21. The non-toxic composition, prepared from agricultural waste according to claim 9, wherein the non-toxic composition is a granular solid, a solid agreggate with inert vehicles, a solid agreggate with adjuvants, a homogeneous solution, and/or a suspension.

22. The non-toxic composition, prepared from agricultural waste according to claim 10, wherein the non-toxic composition is a granular solid, a solid agreggate with inert vehicles, a solid agreggate with adjuvants, a homogeneous solution, and/or a suspension.

23. The non-toxic composition, prepared from agricultural waste according to claim 11, wherein the non-toxic composition is a granular solid, a solid agreggate with inert vehicles, a solid agreggate with adjuvants, a homogeneous solution, and/or a suspension.

24. The non-toxic composition, prepared from agricultural waste according to claim 12, wherein the non-toxic composition is a granular solid, a solid agreggate with inert vehicles, a solid agreggate with adjuvants, a homogeneous solution, and/or a suspension.
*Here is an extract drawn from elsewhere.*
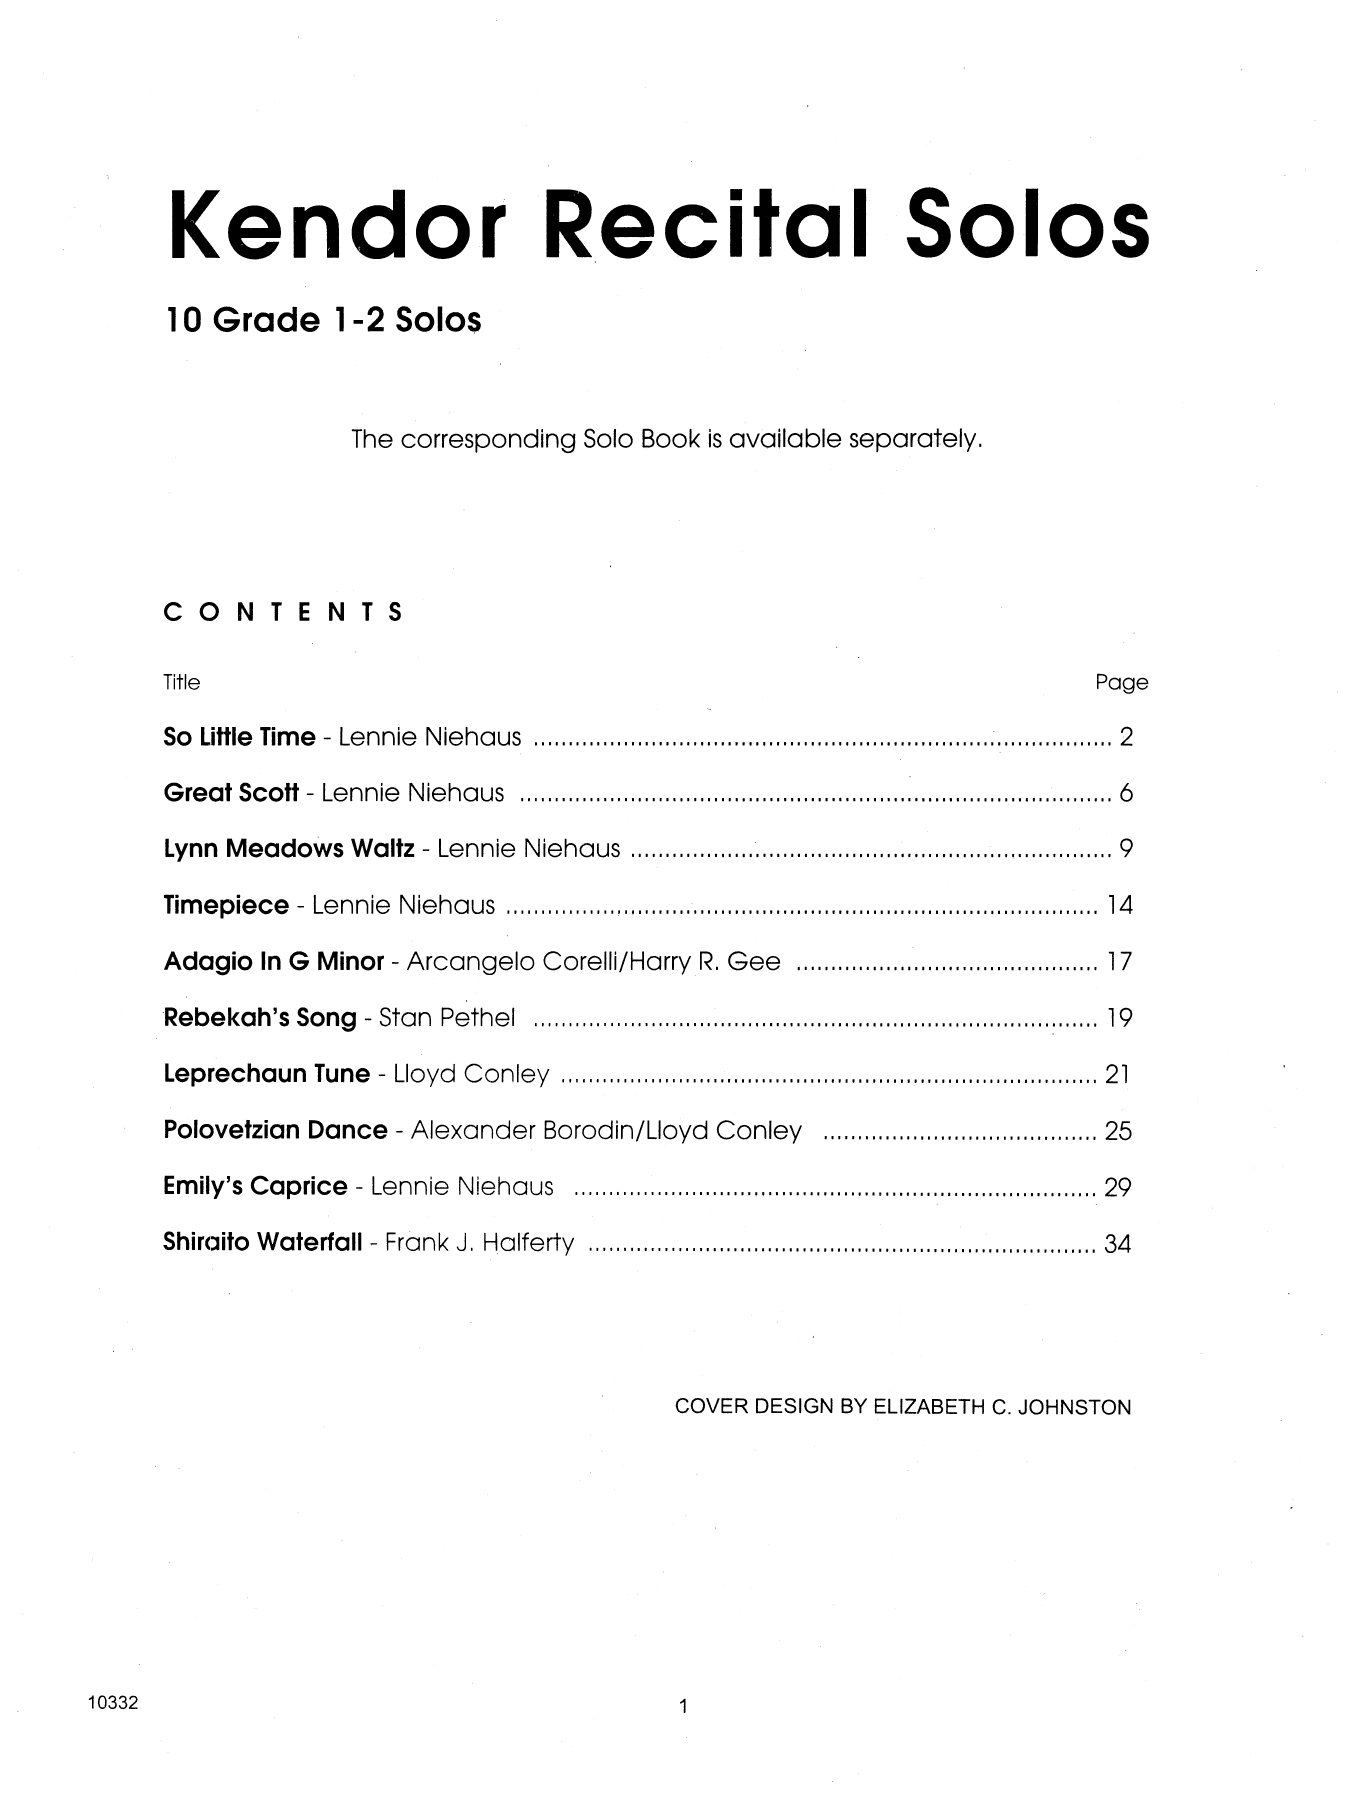 Download Various Kendor Recital Solos - Flute - Piano Ac Sheet Music

25. The non-toxic composition, prepared from agricultural waste according to claim 13, wherein the non-toxic composition is a granular solid, a solid aggregate with inert vehicles, a solid aggregate with adjuvants, a homogeneous solution, and/or a suspension.
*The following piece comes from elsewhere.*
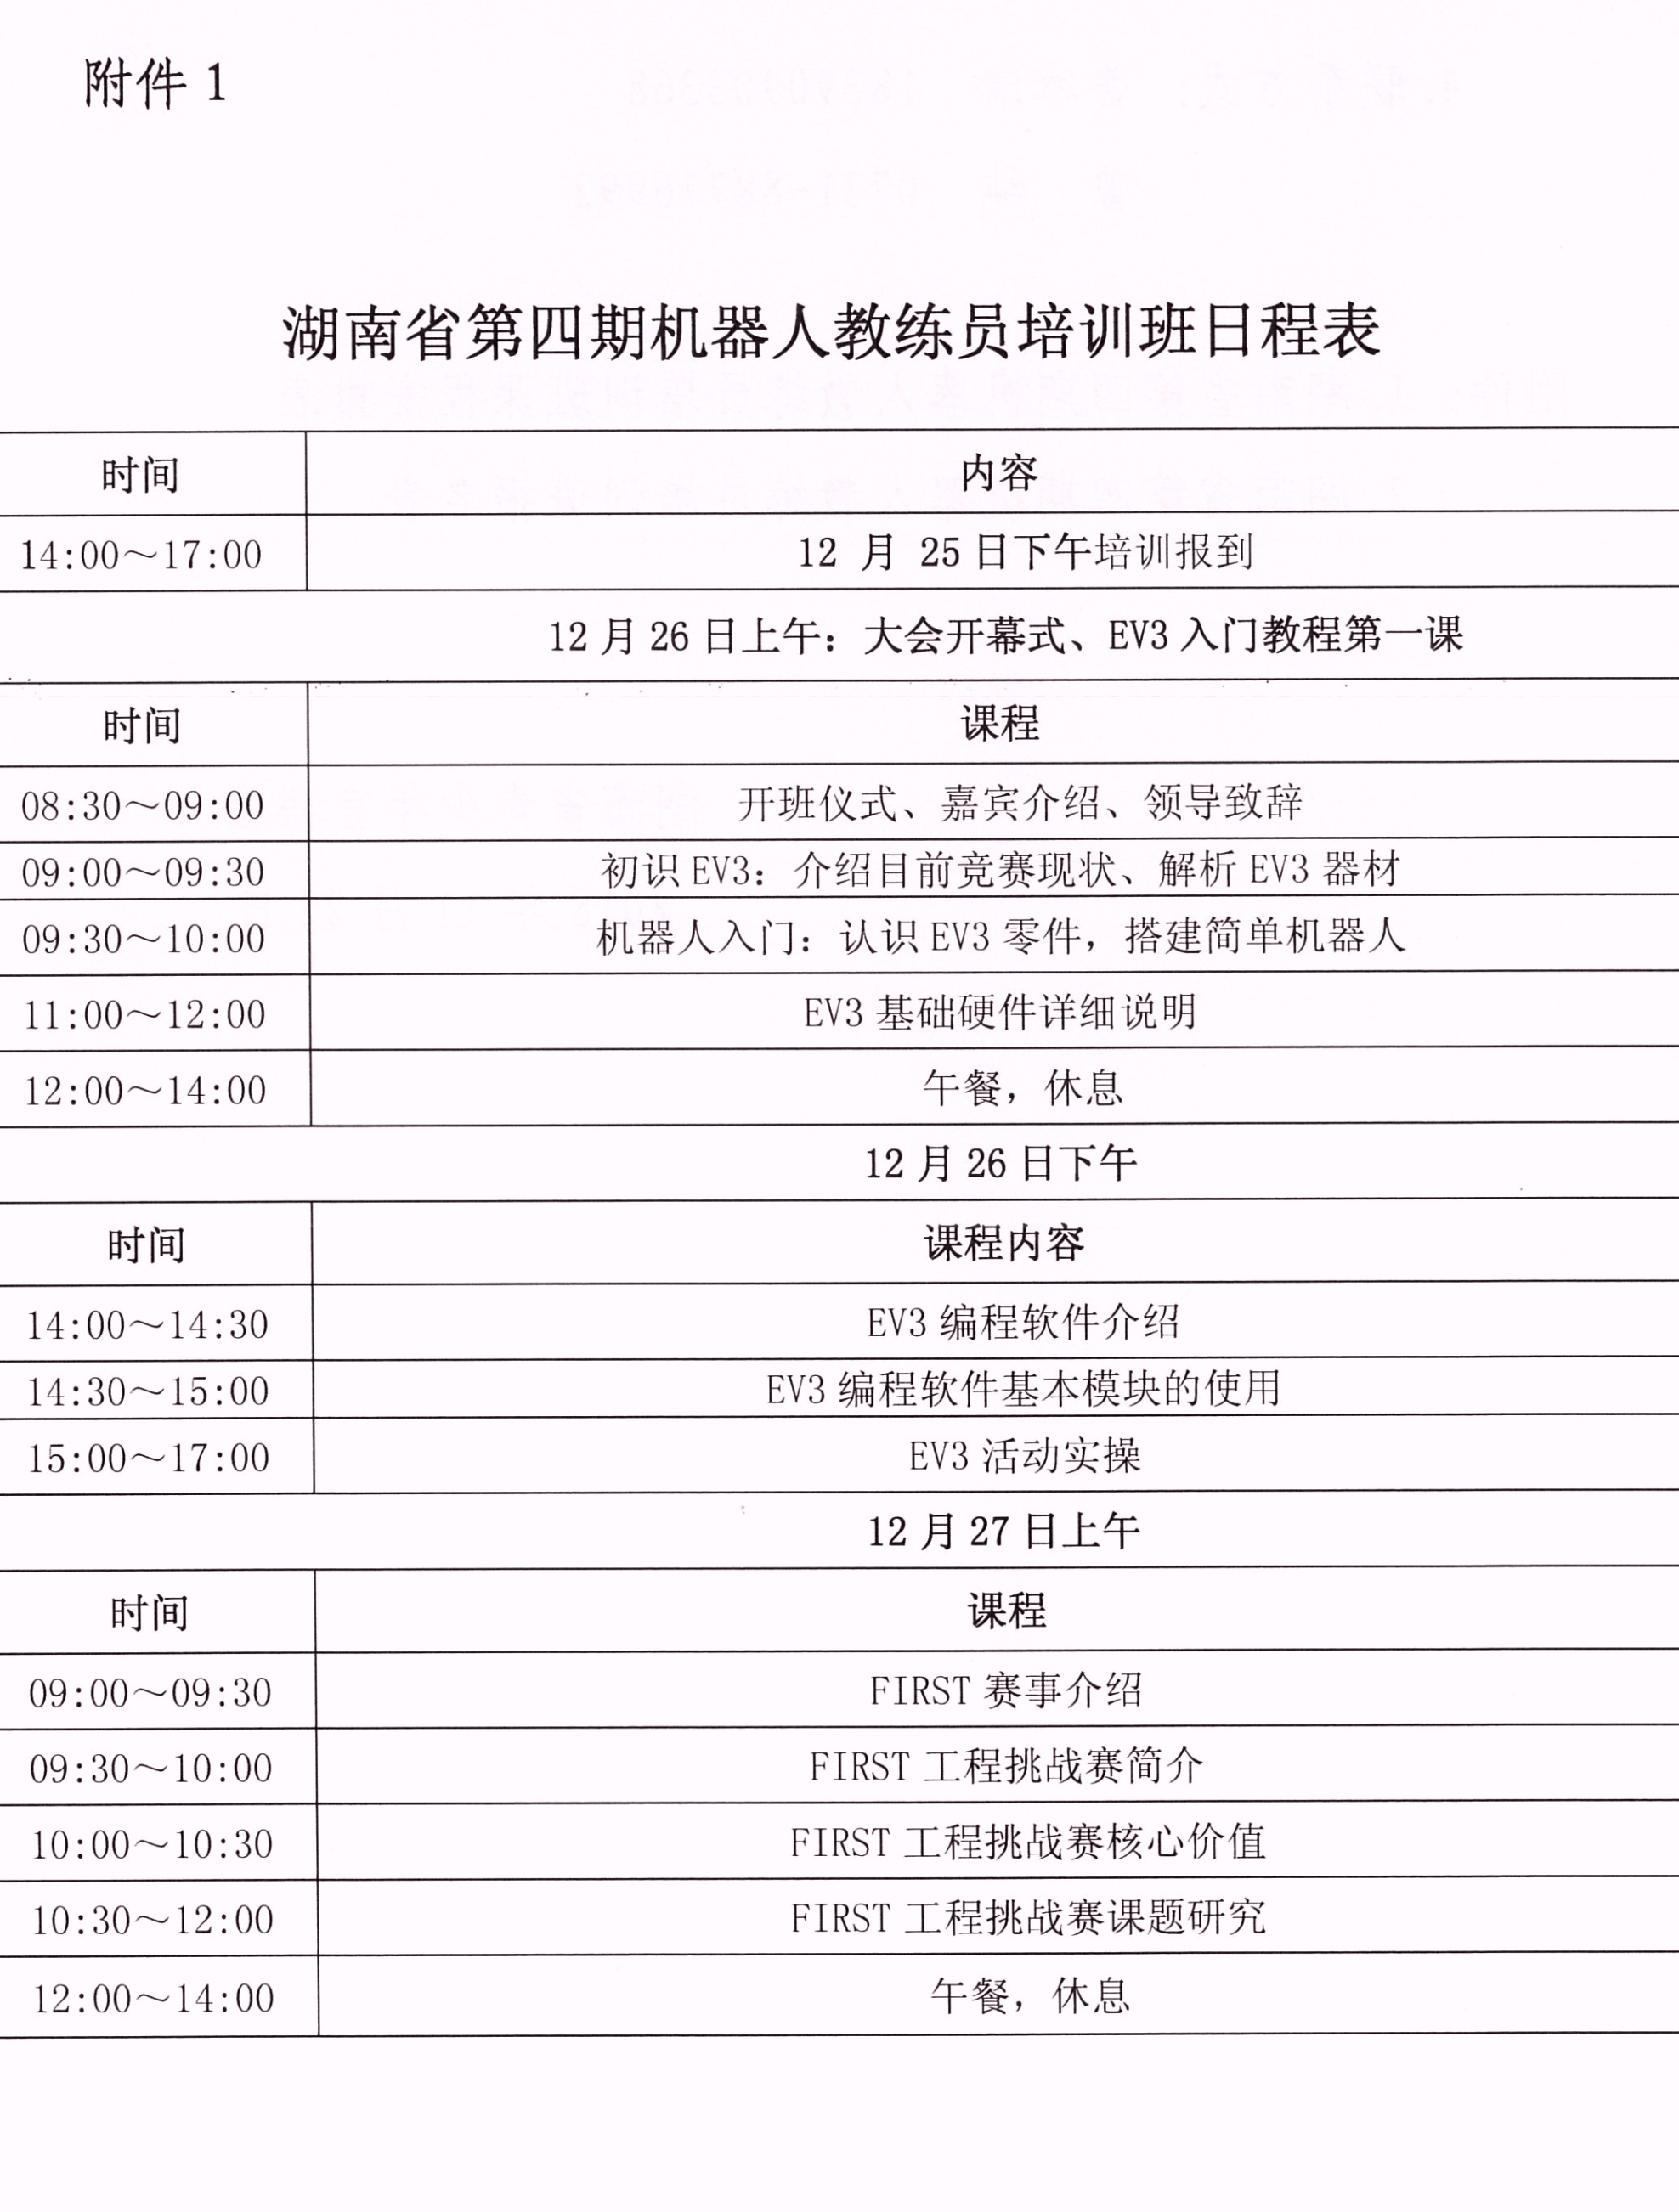 关于举办湖南省第四期机器人教练员培训班的通知_03.jpg

26. The non-toxic composition, prepared from agricultural waste according to claim 14, wherein the non-toxic composition is a granular solid, a solid aggregate with inert vehicles, a solid aggregate with adjuvants, a homogeneous solution, and/or a suspension.

27. The non-toxic composition, prepared from agricultural waste according to claim 15, wherein the non-toxic composition is a granular solid, a solid aggregate with inert vehicles, a solid aggregate with adjuvants, a homogeneous solution, and/or a suspension.

28. A method for nitrating agricultural waste including rice and/or oats husks, the method comprising the steps of:

(a) performing an agricultural waste acidic extraction to release phenolic compounds,

(b) nitrating the phenolic compounds released during step (a),

(c) stimulating coupling between the nitrated compounds resulting from step (b) and those resulting from step (a) which were not nitrated for dimer, trimer or oligomer formation,

(d) insolubilizing, flocculating and precipitating the compounds resulting from step (c) to separate them from sugars, other carbohydrates or other non-phenolic compounds of step (a), and

(e) drying insoluble solids, precipitated in step (d).

29. The method for nitrating agricultural waste according to claim 28, wherein the acid used for the acidic extraction and nitration of phenolic compounds is nitric acid.